What’s interesting is that China News didn’t just focus on Kinsella’s slur. It focused on his ham-fisted attempt to delete his slur. Of course they did – because that goes to his bad faith in the incident. He insulted Chinese people, and then when that blew up in his face, instead of taking responsibility manfully, he tried to hide what he had done. It made his subsequent apology look less than genuine, a fact that wasn’t lost on China News. Here are some excerpts:
…hurt the Chinese people… improper remarks deleted from the blog… Chinese vilification… attempt to conceal their improper remarks… expelled from the Liberal Party…
You get the picture, even with Google’s awkward translation.
Is this story over yet?
No. It’s circled back to Canada again. It’s not just international. Now it’s non-partisan.

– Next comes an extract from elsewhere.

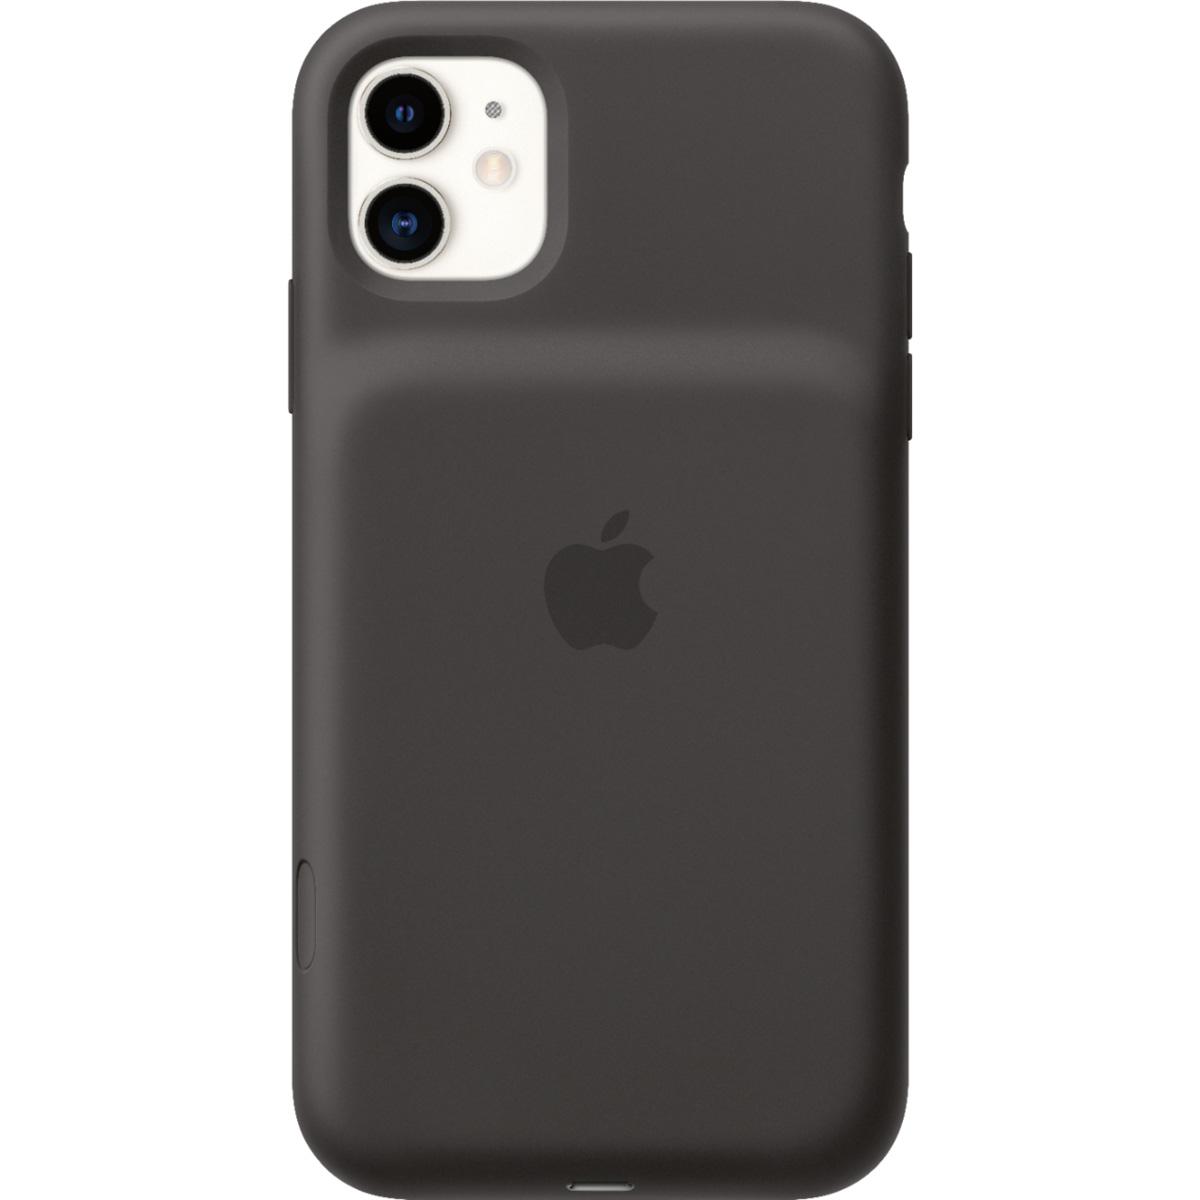 Apple iPhone 11 or 11 Pro Smart Battery Case for $51.99 Shipped

Here is a letter sent out by the Chinese Canadian National Council, Toronto Chapter, which describes itself as “an organization of Chinese Canadians in the City of Toronto that promotes equity, social justice, inclusive civic participation, and respect for diversity.” That’s the kind of group that, in the past, would have been pretty open-minded to voting Liberal. Now? Fat chance. They’re appalled. And note that their letter has been copied to Ignatieff. Will he continue to deny any moral obligation to respond? And how about one of the other groups to whom the CCNC’s letter was sent – the Chinese Canadian Liberal Association? What do they have to say about Kinsella’s smear? Which is more important to them – their identity as Liberals, or their self-respect as Chinese Canadians?